Administration Condemns GOP For Inserting Needle Exchange, Abortion Restrictions Into DC Funding Bill

The Obama administration issued a policy statement last night opposing several sections of a DC appropriations bill that would deny funding for needle exchanges, prohibit the District from spending local funds on abortions, and prevent the IRS from using any funds appropriated by the bill to begin implementing the system of premium credits and other provisions that are part of the Affordable Care Act:

District of Columbia Needle Exchange Restriction. Section 807 of the bill restricts the use of Federal funds for the District’s needle exchange programs. This is contrary to current practice and the Administration’s policy to allow funds to be used in locations where local authorities deem needle exchange programs to be effective and appropriate.

District of Columbia Abortion Restriction. Section 810 of the bill prevents the District of Columbia from using its own funds for abortions, which undermines the principle of states’ rights and of D.C. home rule. Longstanding Federal policy already prohibits Federal funds from being used for abortions, except in cases of rape or incest, or when the life of the woman would be endangered.

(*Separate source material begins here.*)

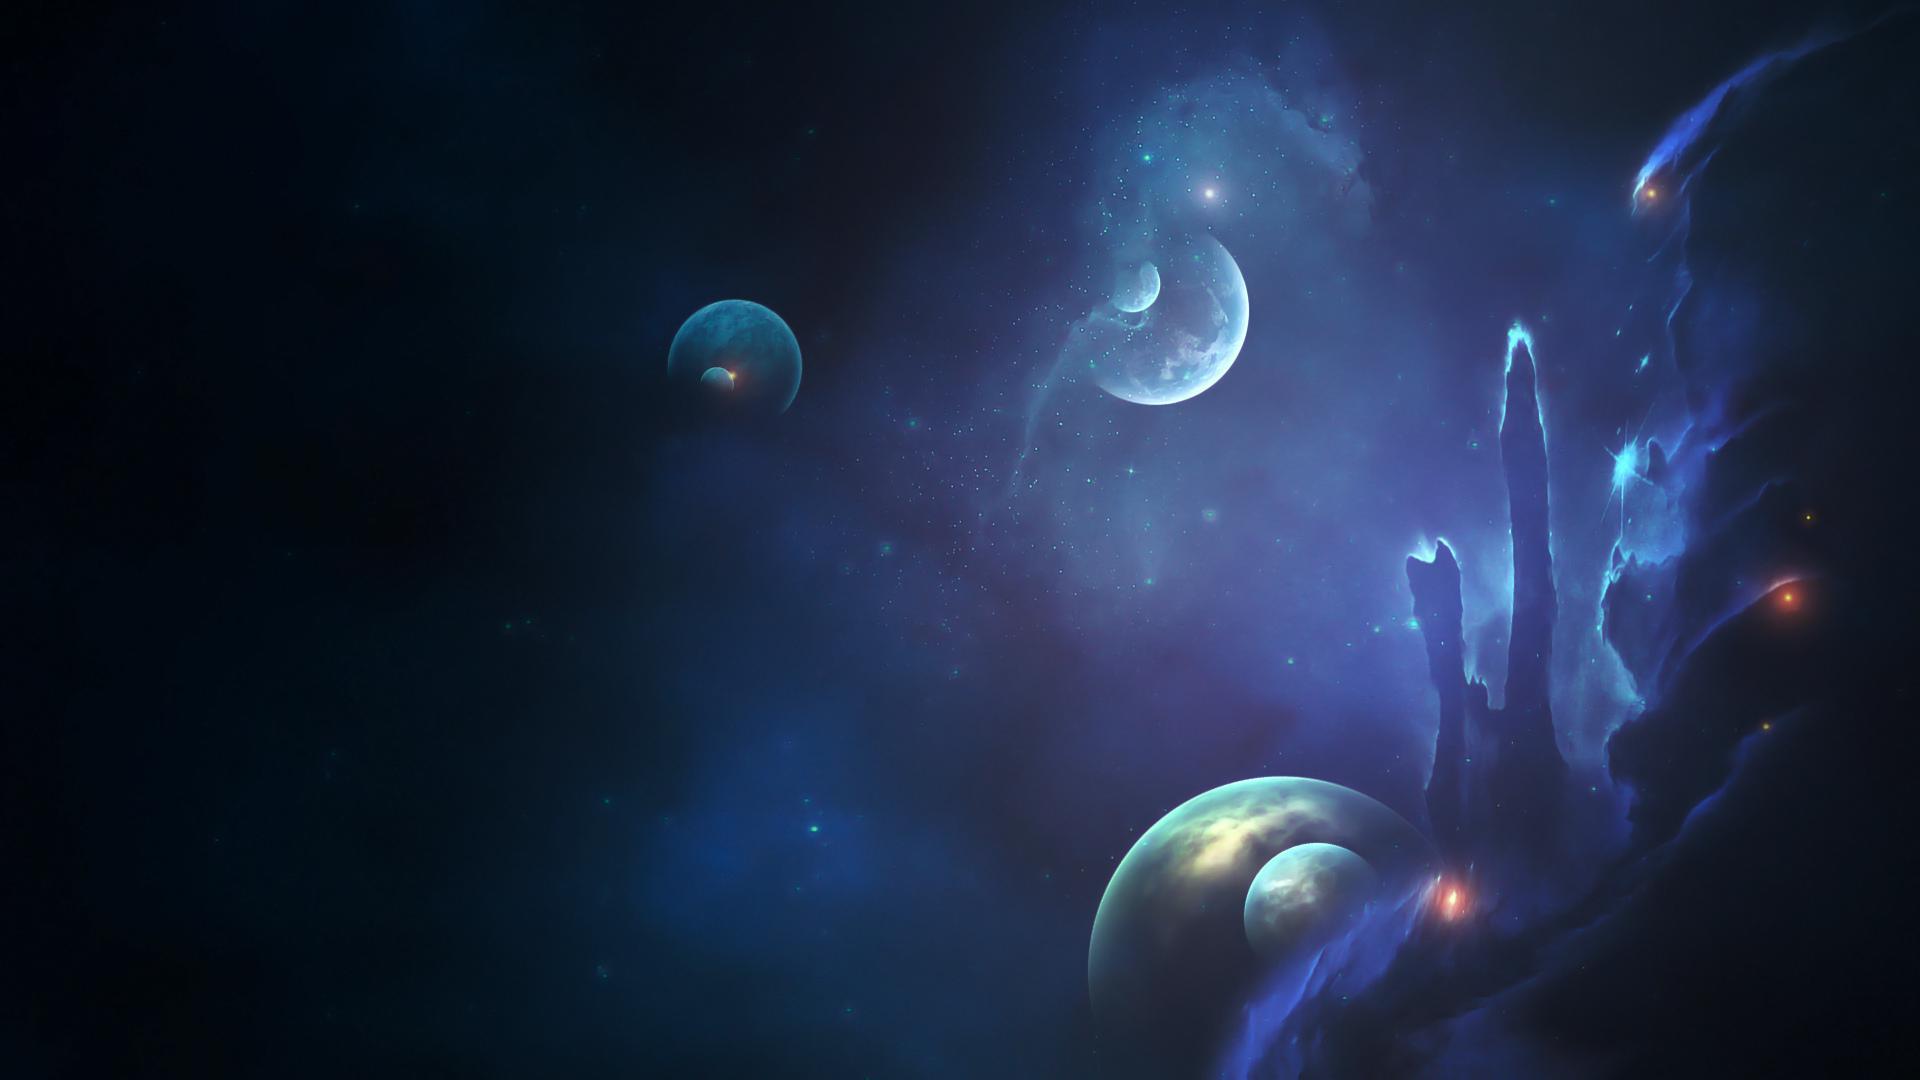 Space stars planets nebula wallpaper | 1920x1080 | 112933 ...

Department of the Treasury. The Administration opposes sections 107 and 108 of the bill, which would place significant restrictions on the Department’s ability to adequately implement the Affordable Care Act, and would delay the planning and construction of a system to administer the critical premium assistance tax credit and the ability to reconcile it with IRS’s core systems. These sections would prevent both appropriated and transferred funds from the Department of Health and Human Services from being used by the Department to administer the law.

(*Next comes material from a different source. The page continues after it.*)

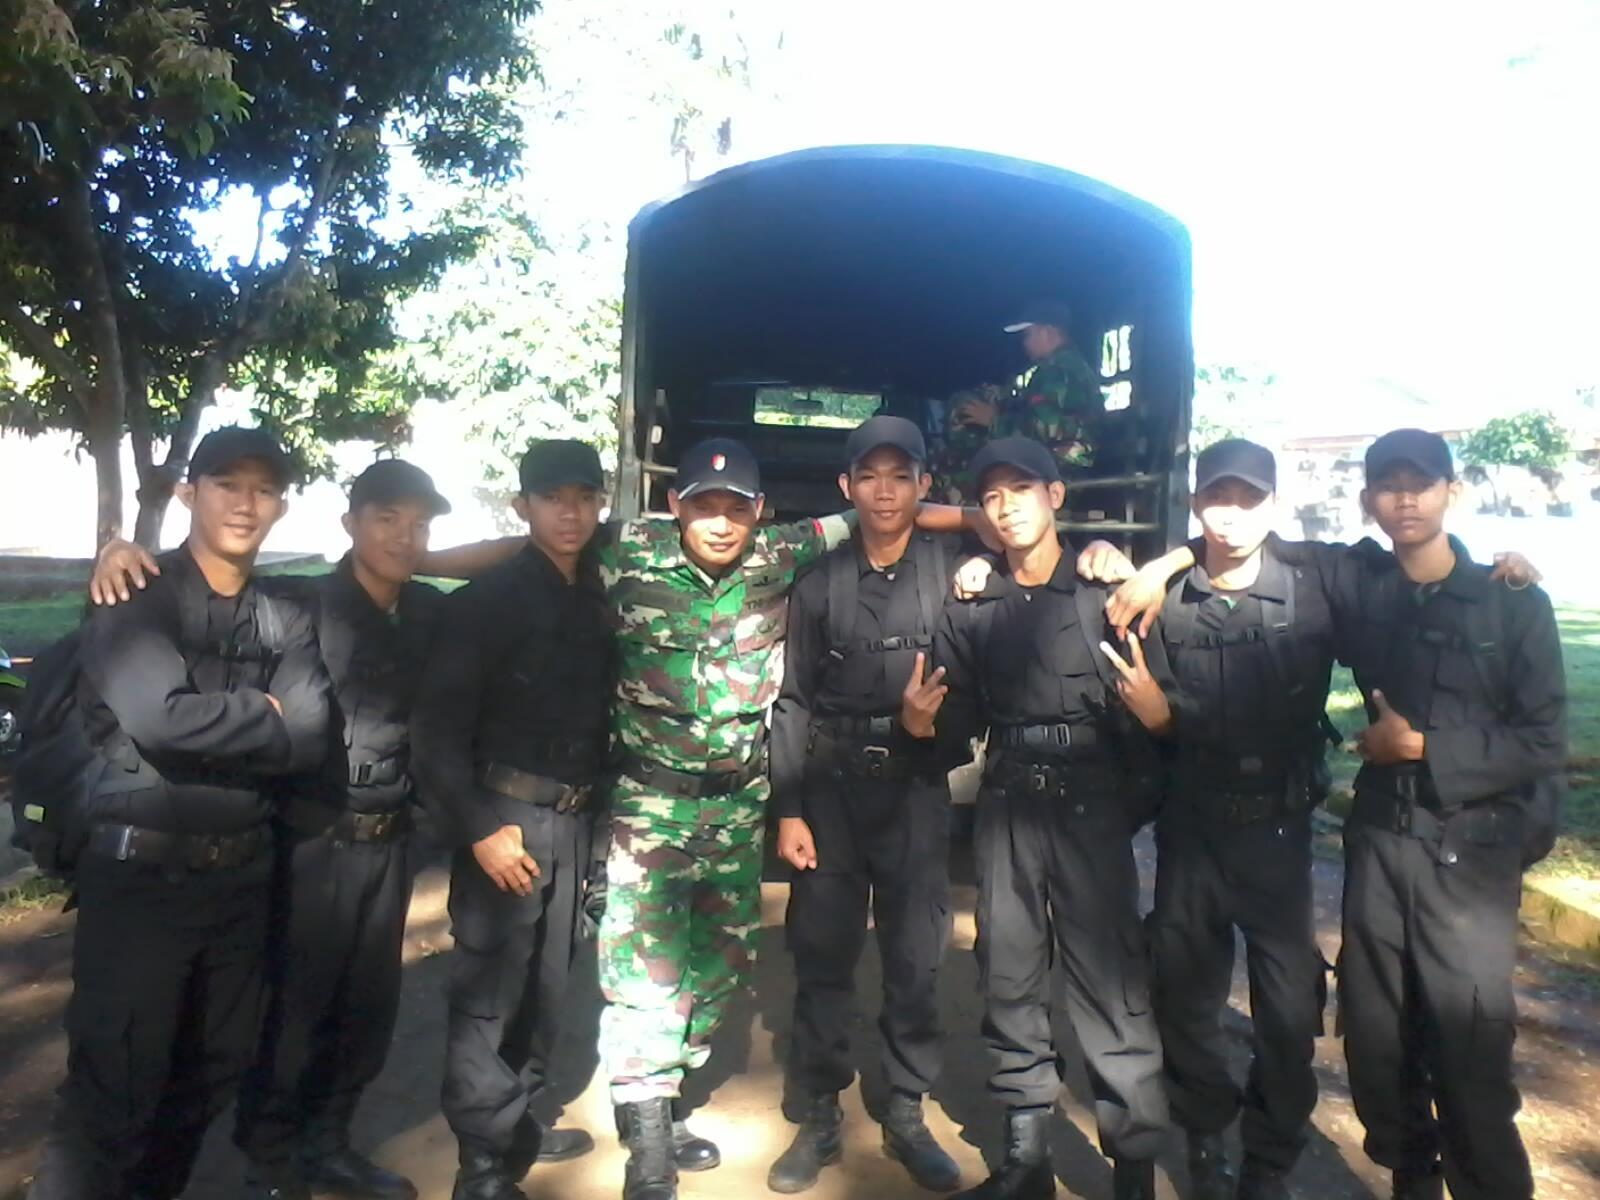 . TNI AD 700/RAIDER http://t.co/daeqpyCkc6

Republicans had included the needle exchange proposal in their 2011 budget, even though the program actually reduces federal spending and helps lower health care costs. As an example, the cost to prevent a single HIV infection by needle exchange “has been calculated at $4,000 to $12,000, considerably less than the estimated $190,000 (listed in 1997 dollars) medical costs of treating a person infected with HIV.” The public health benefits are also substantial. A 2003 study of 99 cities found that HIV prevalence in addicts fell by 18.6 percent in cities which started needle exchanges, while those that failed to do so saw an 8.1 percent increase. Between 1990 and 2001 in New York, the HIV prevalence rate amongst IV drug users entering addiction treatment similarly fell from 54 percent to 13 percent and Hepatitis C prevalence fell from 90 percent to 63 percent.

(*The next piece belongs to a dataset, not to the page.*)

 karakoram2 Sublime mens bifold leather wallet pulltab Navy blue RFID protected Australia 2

Meanwhile, denying the District the right to appropriate its funds as it sees fit — in this case to pay for abortions — would disproportionately impact poor women and expose the hollowness of the GOP’s rhetoric about local control and state rights, not to mention their hypocrisy about preventing the federal government from interfering in the doctor-patient relationship.

In its statement of policy, the administration did not threaten to veto the bill over the DC issues, however.